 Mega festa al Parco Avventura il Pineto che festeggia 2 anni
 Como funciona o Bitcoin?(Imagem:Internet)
...
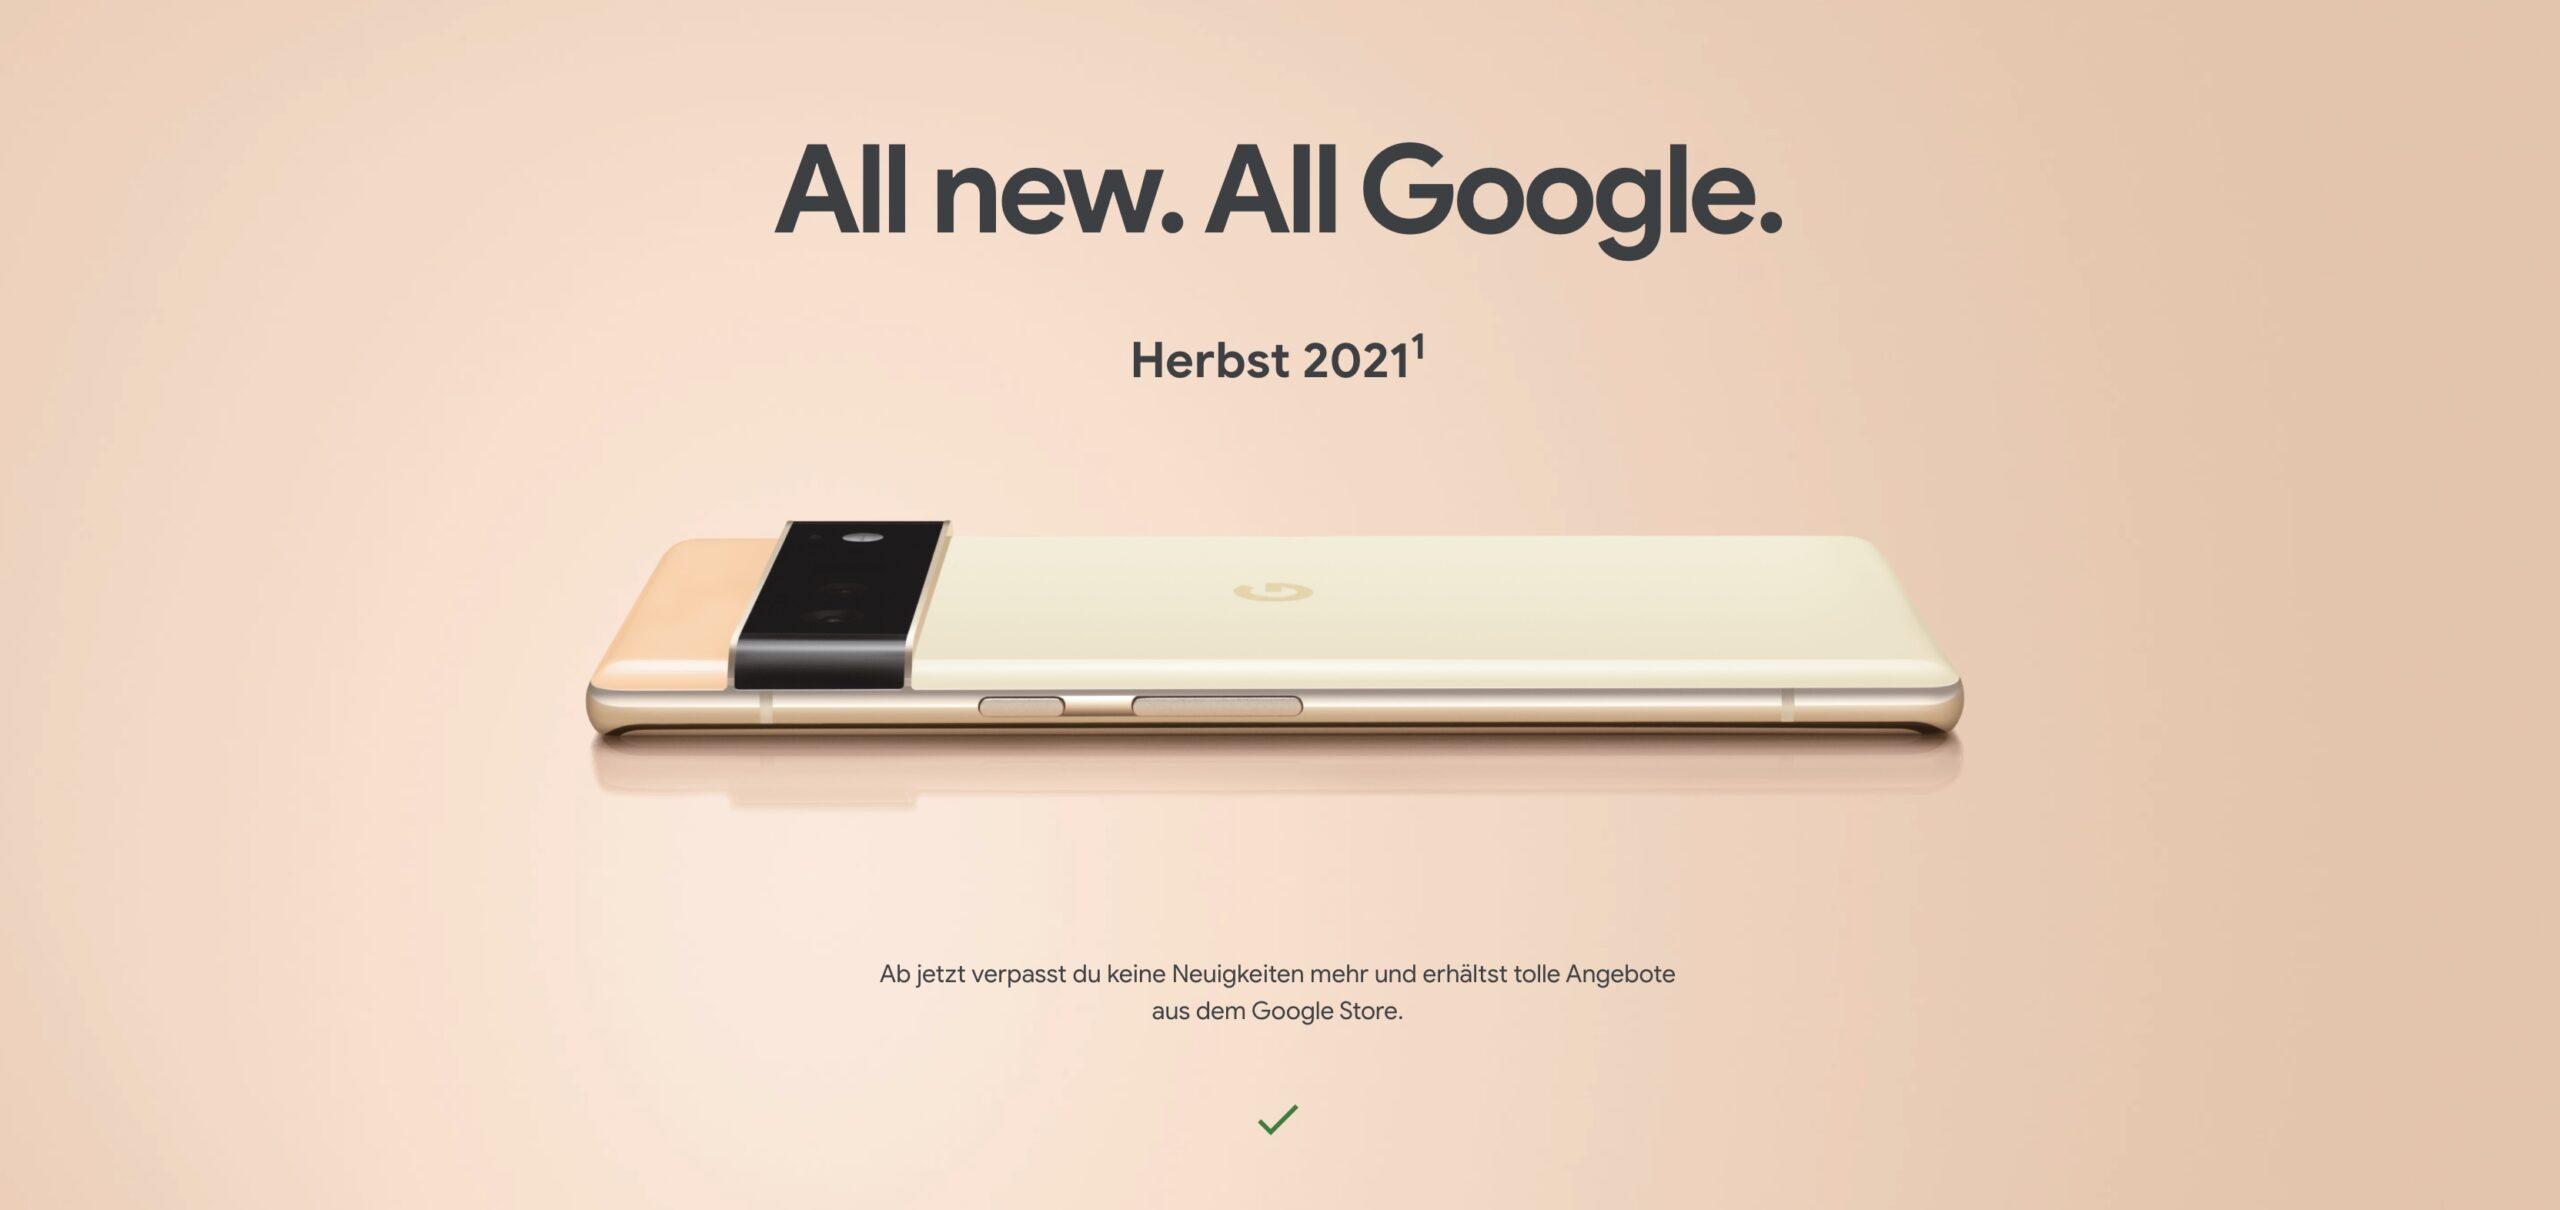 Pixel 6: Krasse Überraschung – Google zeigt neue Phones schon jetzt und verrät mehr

What to work on: Your task for the entries above: copy exactly the span starting with the line with "Mega festa al" and going on through the line with "Como funciona o Bitcoin?(Imagem:Internet)", both lines included, and nothing else.

Output:
 Mega festa al Parco Avventura il Pineto che festeggia 2 anni
 Como funciona o Bitcoin?(Imagem:Internet)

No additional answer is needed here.